Пробудись, чей цвет — пурпур грозной тучи,
Мой любимый, восторг моей души!
Спеши взглянуть на брата Балараму,
О кладезь добродетели, брат смиренных!
Вставай, вставай, любимый, и т. д.

 

III

Вставай скорее, мой милый,
Полон совершенства, мой темно-синий любимец Кришна!
Поспеши испить молока из моей груди
И запечатлеть поцелуй на моей щеке.
Вставай, вставай, любимый, и т. д.

 

IV

Заслышав голос матери,
Шри Хари (Кришна) быстро проснулся;
Начал сосать грудь,
И все исполнились радости.
Вставай, вставай, любимый, и т. д.

 

V

Они созерцали его прекрасное, совершенное тело,
Видели брата его Балараму;
Расцвело счастье Яшоды,
Созерцавшей сына, Владыку Жизни.39
Вставай, вставай, любимый, и т. д.

 

Едва растаял последний отзвук этого утреннего гимна, как в роще вокруг боевого охранения ракшасов послышался громкий шорох и шелест среди ветвей. Часовой ракшасов, решив, что это была засада обезьян, выпустил в заросли стрелу, но, к его удивлению и ужасу, она вернулась обратно, пролетев мимо его щеки. Думая, что это был могущественный якша, охранявший сокровища гоблин, живший в том лесу, часовой швырнул свой лук и едва не бросился наутек, когда услышал голос, который произнес: «Это всего лишь Вайю, посланец царя»,

Равана покорил и подчинил всех божеств стихий и заставил их служить себе, как домашних слуг. Так, Агни, или Огонь, стал его поваром; Варуна, божество воды, его дхоби, т.е. исполнителем обязанностей прачки, в то время как Вайю, или Ветер, он сделал чем-то вроде носильщика или мальчика на побегушках. Утром он должен был подметать полы и чистить дворцовую мебель невидимыми щетками, а потом весь день катал его виману, т.е. воздушную колесницу, таскал огромное невидимое индийское опахало Раваны либо носился по всему войску и по всему царству, выполняя мелкие поручения и разнося послания. Тотчас начались пересуды по поводу того, куда и к кому направлялся сейчас Вайю, и воины ракшасов приветствовали его длинной песней, которую сложил Мадхави Панкаджа и которую хорошо знали и частенько распевали в лагере.

 

Призыв ракшасов к Вайю

Ни звука вокруг,
И вдруг этот звук:
У-у-у, ай-юу!
О невидимый Вайю,
Постой, пойди сюда,
Скажи нам, куда
Так спешишь,
Невидимый сам,
Гнешь кусты пополам,
Пред нами идешь,
За нами ползешь,
Ушей касаясь,
К щеке прикасаясь;
Как призрак скользя,
Грустно шепча
Жалобный плач,
Тихо свистишь.
У-у-у, ай-юу!
О невидимый Вайю,
Постой, пойди сюда,
Скажи нам, куда
Так спешишь?

Голос Вайю

Солдаты, не мешайте;
Бегу я по приказу царя
На дальний запад,
Где в баньяне о восьми стволах,
В окруженье зеленых бананов,
Живет святой отшельник.
Оттуда я должен доставить
Мудрого Ананту риши Яджаману.

Следуя за приглушенным голосом Вайю, подобным эоловой арфе, мы прибыли в приют отшельника, называемый Ашта Вати, или «Восемь баньяновых деревьев». Собственно говоря, сначала это было одно родительское дерево, однако семь его укоренившихся в земле отростков со временем образовали массивные стволы в форме неправильного восьмиугольника, включая центральный ствол, и соединились с ним и друг с другом живописными арками, от которых в свою очередь спускались к земле тонкие отростки; некоторые уже укоренились, другие же только приближались к грунту, чтобы в будущем образовать еще более мощную и раскидистую крону.

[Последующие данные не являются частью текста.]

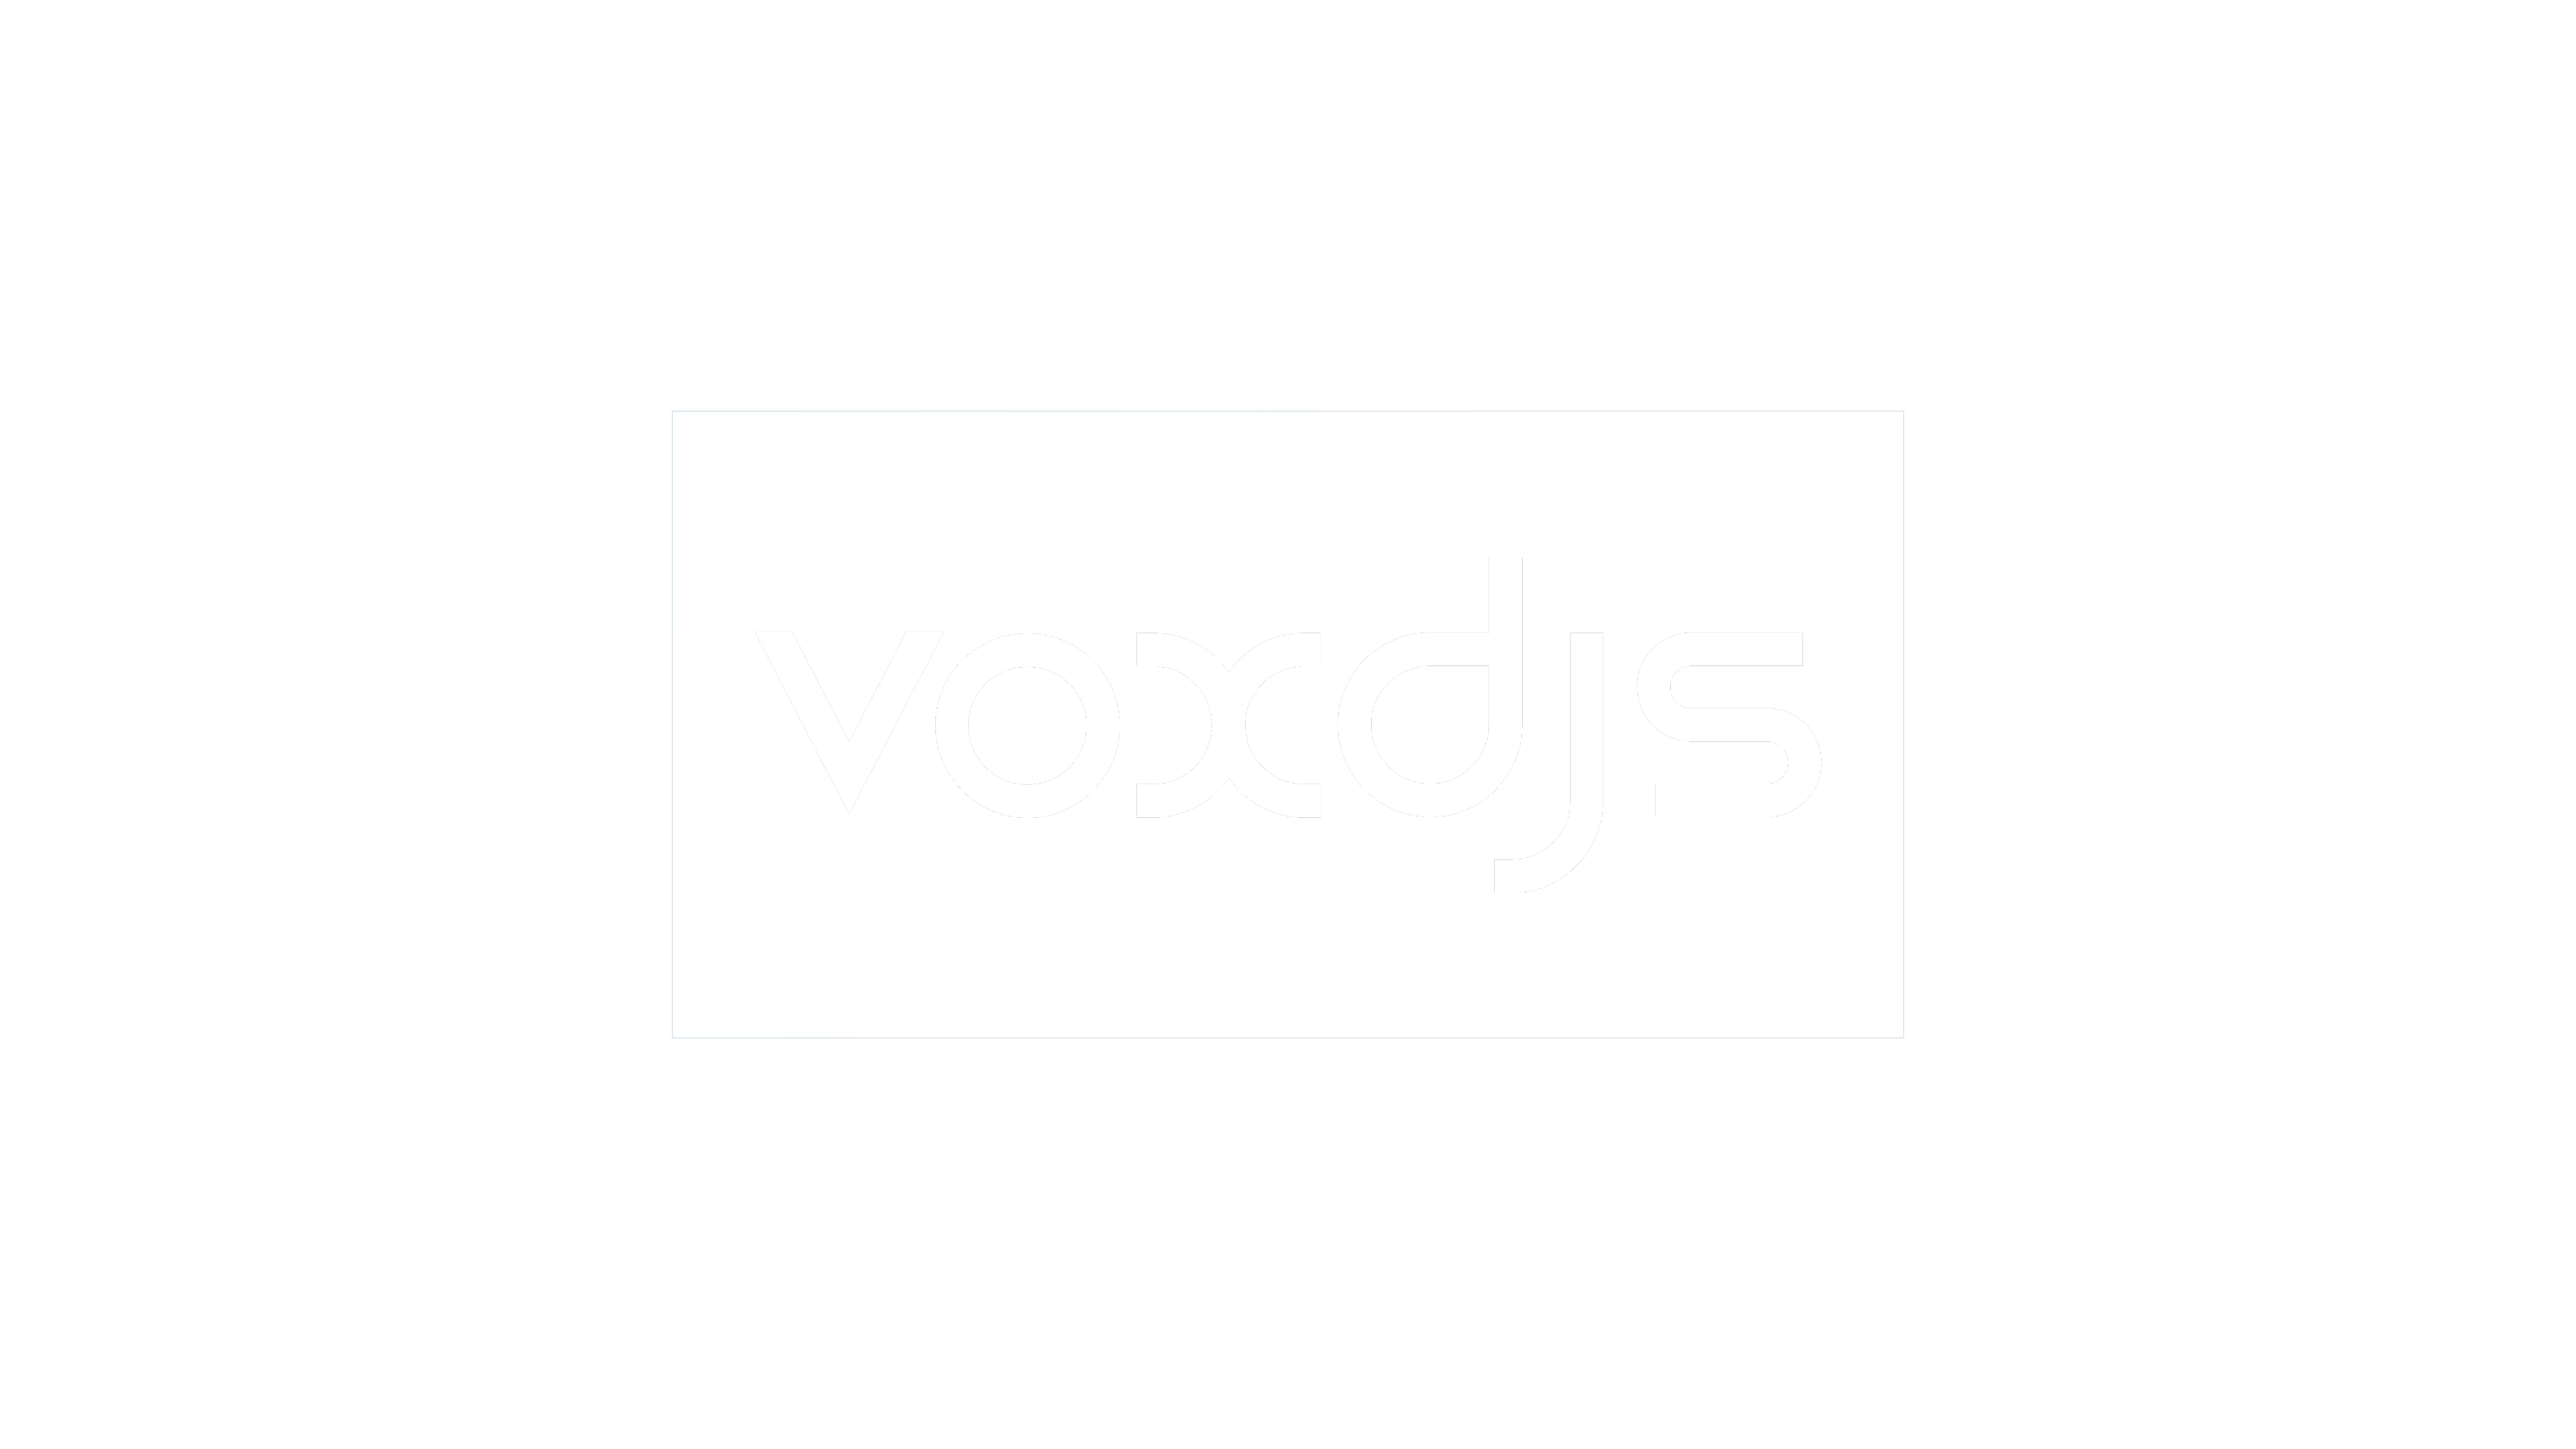 Vox DJs

Спускающиеся отростки были так густы, что образовывали почти сплошную завесу между сводами ветвей, ограждая внутреннюю часть пристанища святого; благодаря нескольким густым группам удачно посаженных широколистных банановых деревьев, а также плотной массе зеленых лиан, усыпанных большими, напоминающими трубы, белыми цветами и маленькими, нежно-алыми или фиолетовыми, убежище риши было совершенно непроницаемо для постороннего взгляда. Оно располагалось на длинной и высокой гряде, занимая почти всю ее ширину между двумя стенами из неплотно прилегающих камней вокруг домиков по обе ее стороны, в которых жили друзья, почитатели и ученики риши. Впереди простиралась бескрайняя равнина, начинавшаяся постепенным спуском и зеленевшая рисовыми полями, усыпанная там и здесь разрозненными группками столетних манговых деревьев и упиравшаяся в плотные группы пальм, а еще дальше — в сплошной пальмовый лес.

С другой стороны был крутой обрыв к еще более низкой, но менее протяженной равнине, переходящей на некотором удалении в глубокую долину, а еще дальше, за рядами баньяновых деревьев, были видны синие горы Антапы и проблески моря, заполнявшего углубления в изрезанной береговой линии. Когда-то на равнине между ашрамом и горами стояла армия, а в долине гремели жестокие бои.

Даже сейчас, иногда после захода солнца были видны марширующие отряды, а в полночь со стороны долины и горных склонов слышались странные звуки ударов, которые, по мнению некоторых, производились рыбаками, починявшими свои лодки в заливах, в то время как другие утверждали, что звуки эти доносились из долины, где покоились останки павших в битве воинов.

Весь участок ашрама звенел пением и разнообразными криками многочисленных видов птиц, наиболее крупные из коих смело приближались к самому входу, в то время как те, что поменьше, вили гнезда в самой гуще кроны баньяна и весь день щебетали над головой. С одной стороны обители толстая корова лежа лениво жевала жвачку; небольшая белая кобыла мирно паслась у входа; ручная газель с венком цветов вокруг шеи весело носилась вокруг скита. Белый какаду, синий с красным лори и пара зеленых попугайчиков ползали среди листвы и попеременно кричали.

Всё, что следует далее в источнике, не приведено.